New Zealand has a well-developed depreciation regime, including accelerated depreciation for certain items. It also incentivises investment in innovation through R&D deductible expenditure, R&D tax loss credits, and R&D tax credits. These tax incentives are available to R&D-oriented fundraising companies. These incentives may therefore nudge investors towards incentives-eligible fundraising companies over incentives-free fundraising companies.


Crowdfunding is a group activity. Two abilities of a crowd are critical for building enduring business and to choosing a prospective investee through an equity crowdfunding process: the ability to identify companies with a profit-making potential; and an ability to monitor the performance of crowdfunded companies. Tax incentives do not affect the monitoring ability of the crowd but may affect the crowd’s screening ability by distracting investors.

If only innovative companies were to seek funds through crowdfunding, there would be no distraction for a crowd, and all fundraising companies would compete for funds on an equal basis. However, when innovative companies compete for funds with non-innovative companies, the crowd is distracted and prevented from picking a winner from the entire pool of fundraising companies.

Investment in innovative companies does not guarantee a return on investments. Moreover, such investments can be riskier than investments in non-innovative companies, if innovative businesses fail more often than other businesses.

Generally, tax incentives may limit the equity of the system, particularly since high-income enterprises may extract most benefits from tax credits. Furthermore, if a business is innovative, government shares investment risk through general and specific tax incentives.

Options for reform

New Zealand’s income tax system aims to be ‘broad base, low rate’; the efficiency and equity principles that inform this system provide a sound argument against tax incentives.

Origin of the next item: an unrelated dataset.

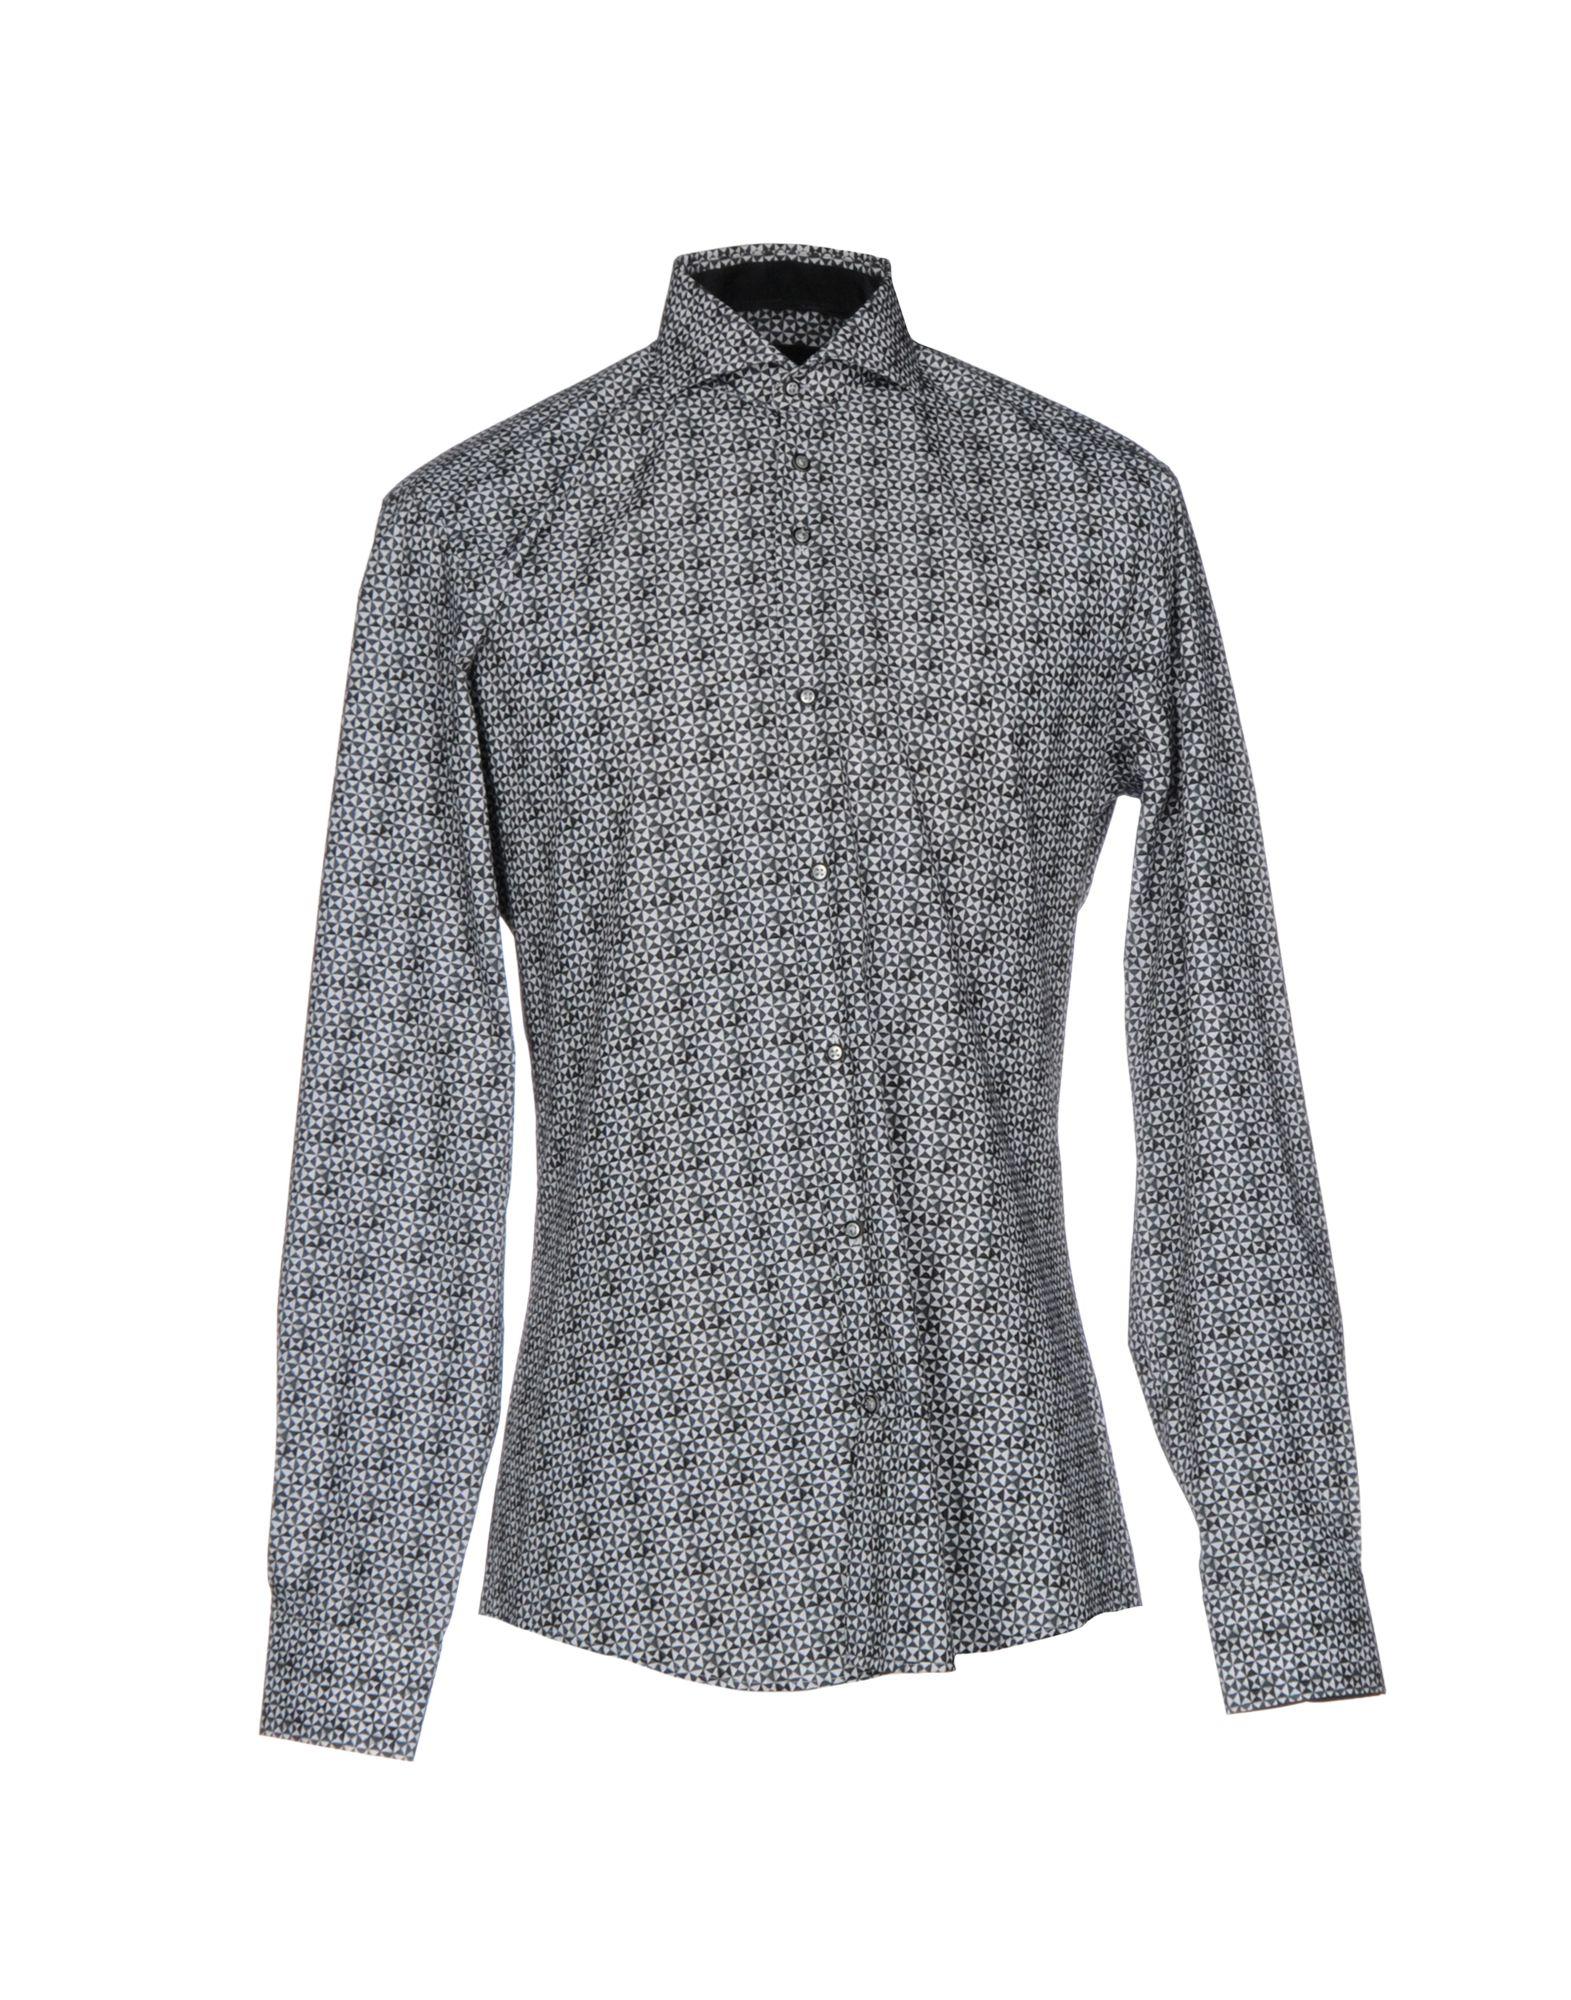 R2 WESTBROOK Pубашка 45 r pубашка

R&D tax incentives may contribute to the development of an innovative spirit in the business community. However, encouragement of innovative behaviour through tax incentives should be distinguished from encouragement of group investments through equity crowdfunding. Otherwise, the encouragement of innovation through tax incentives will undermine a primary purpose of equity crowdfunding (raising equity capital from a crowd and providing investment opportunities to a large number of small investors) and make it both less efficient and less fair.

Fundraising companies should be able to compete for investments on an equal footing, so that the crowd is able to pick a real ‘winner’. Ringfencing equity crowdfunding from R&D tax incentives could help to reach this policy goal and maintain the state’s participation in risk-undertaking that New Zealand’s light-handed crowdfunding regulations and its tax legislation have created.

As politically implausible as it may be, a tax levied on contributions made after a crowdfunding project had reached its funding goal would internalise overfunding externalities such as those caused by overshadowing other crowdfunding projects.

R&D tax incentives and light-handed crowdfunding regulations help companies to improve their cash flows. However, the interplay between these two regimes may create a double competitive advantage to innovative companies at the expense of non-innovative companies.

To even out cash-improvement opportunities for non-innovative businesses, government could compensate these businesses for disadvantages that specific tax incentives, such as the R&D tax loss credit and R&D tax credit create. Such compensation could be effected by restricting certain advantages to non-innovative businesses. Ringfencing equity crowdfunding to non-innovative businesses (and businesses that opted out of the R&D tax incentives) or a specific tax levied on recipients of specific R&D tax incentives could create this ‘compensatory’ advantage and, therefore, equalise opportunities for innovative and non-innovative businesses to improve their cash flows.


This blog is based on: Plekhanova, V & Barrett, J 2020, ‘Equity crowdfunding in New Zealand: The role of income tax incentives’, Journal of the Australasian Tax Teachers Association, vol. 15, no. 1, pp. 142-164.